News from Around the Art World: May 7, 2018
Santiago Calatrava chosen to design public art sculpture at River Point
Santiago Calatrava’s 2,000-foot-tall Chicago Spire never did get built, thanks to a recession that had nothing to do with his spectacular design. But, Calatrava will leave his mark on Chicago, nevertheless.
The Spanish architect, structural engineer, sculptor, painter and all-around Renaissance man has been chosen to create an outdoor sculpture that will be installed at developers’ expense in the park at River Point, the 52-story office tower at Lake and Canal that includes a 1.5-acre public park over rail lines.
By Fran Spielman, Chicago Sun Times
Art Institute of Chicago Name Ellenor Alcorn Chair and Curator of European Decorative Arts
The Art Institute of Chicago has appointed Ellenor Alcorn as the new chair and curator of the department of European Decorative Arts. Alcorn most recently served as a curator in the department of European Sculpture and Decorative Arts at the Metropolitan Museum of Art. She will join the museum in September.
Via Art Forum
The art of diversity: how power is shifting at the top of US museums
Last month, former Nasa scientist Ellen Stofan walked into the National Air and Space Museum in Washington and unlocked the door to the director’s office – which, for the first time, was her own. It was a breakthrough moment, as the museum has always had a male director since it first opened in 1976, until now.
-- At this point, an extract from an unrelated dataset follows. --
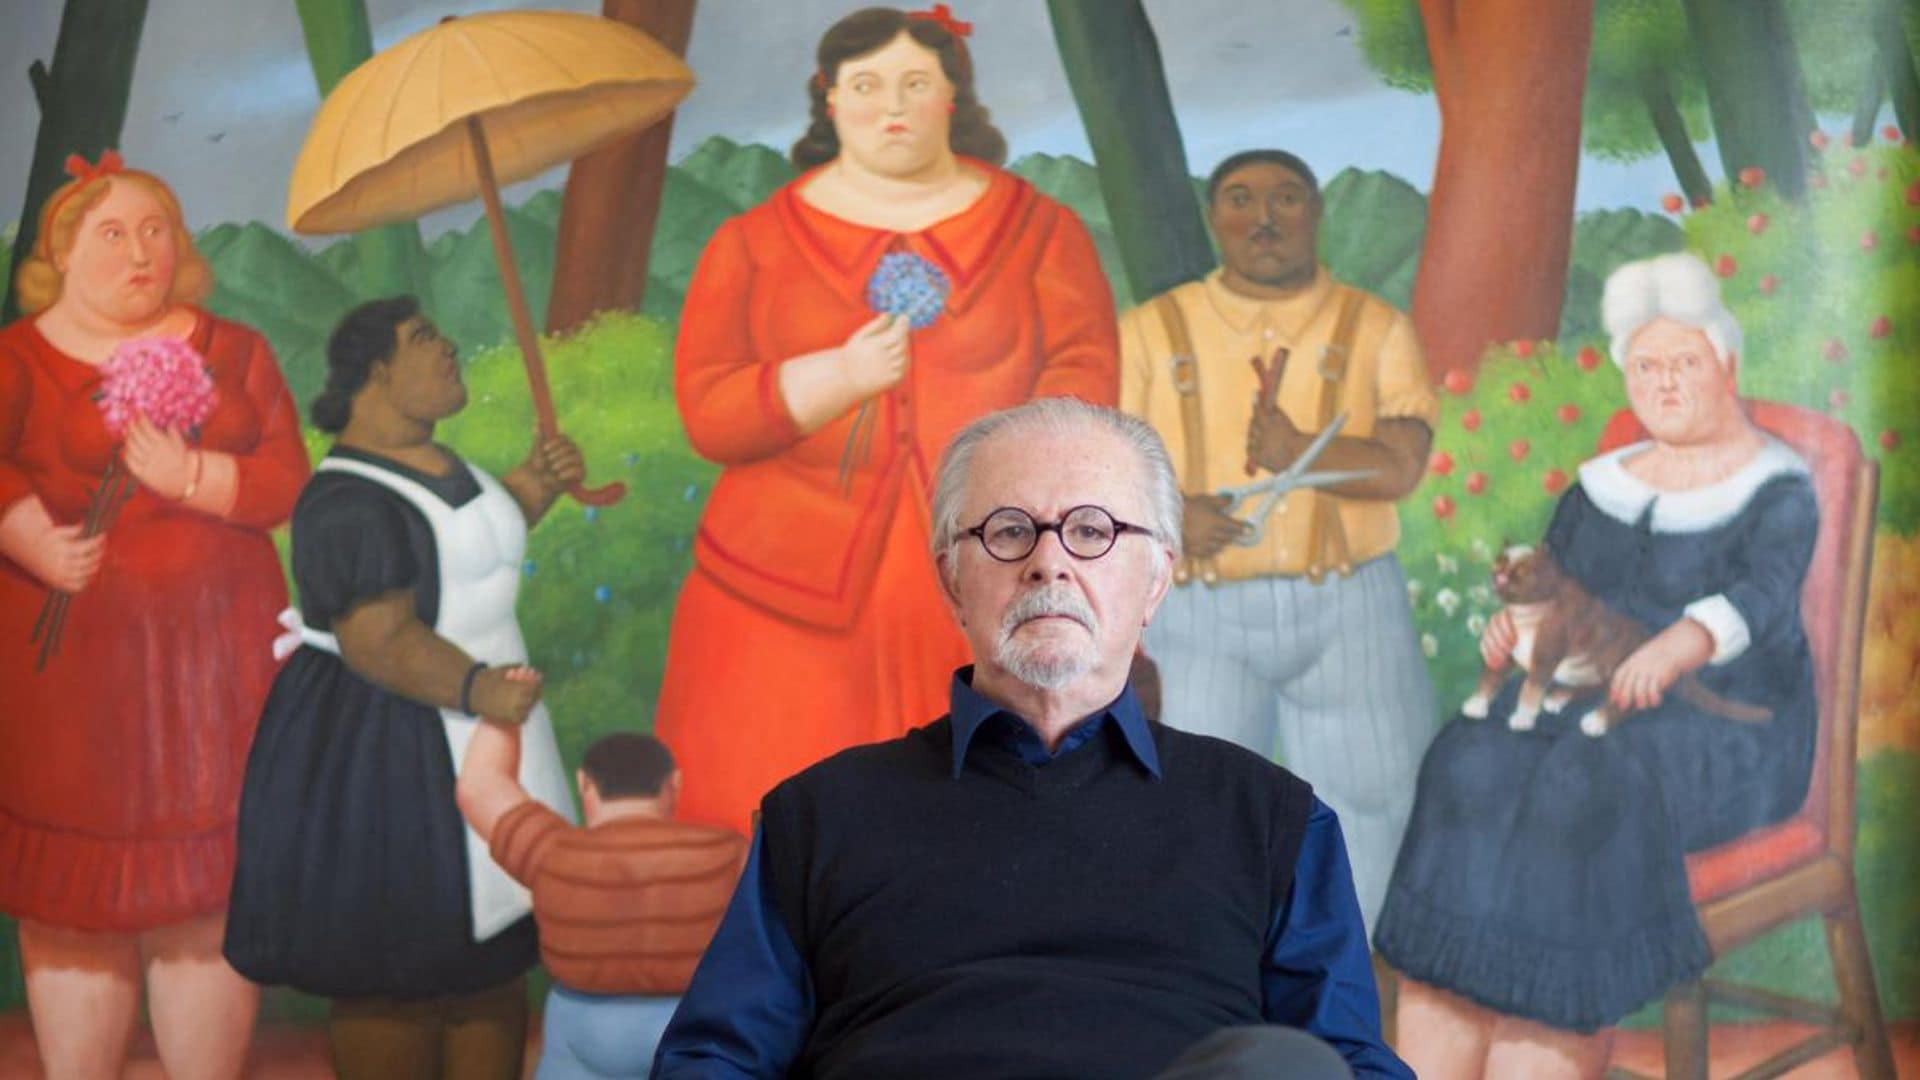 Fernando Botero passed away at 91 in his home in the Principality of Monaco

By Nadja Sayej, The Guardian
Art, revolution and the ‘Golden Age of the Cuban Poster’
During a period of profound and rapid social and political changes, the Cuban poster boldly documented and embodied the spirit and ideals of the Cuban revolution. ‘Thanks to those daring, inspired artists, an important part of the visual memory of Cubans is indelibly imprinted in their bold graphic designs,’ writes Leonardo Padura Fuentes in Mira Cuba: The Cuban Poster Art from 1959 (2014). ‘It had a dignity and an aesthetic standing that turned the utilitarian poster into a milestone of Cuban cultural history in the second half of the twentieth century.’
Investing Canvas: Many Planners Add Art Valuation to a Portfolio Conversation
Art as investment for high-net-worth individuals is on its way to new heights, according to a 2017 report.
The global value of art held by ultrahigh-net-worth individuals is expected to rise to $2.6 trillion by 2026, up from $1.6 trillion in 2016, according to the report by consultants Deloitte Luxembourg & ArtTactic, an art-market research firm based in London.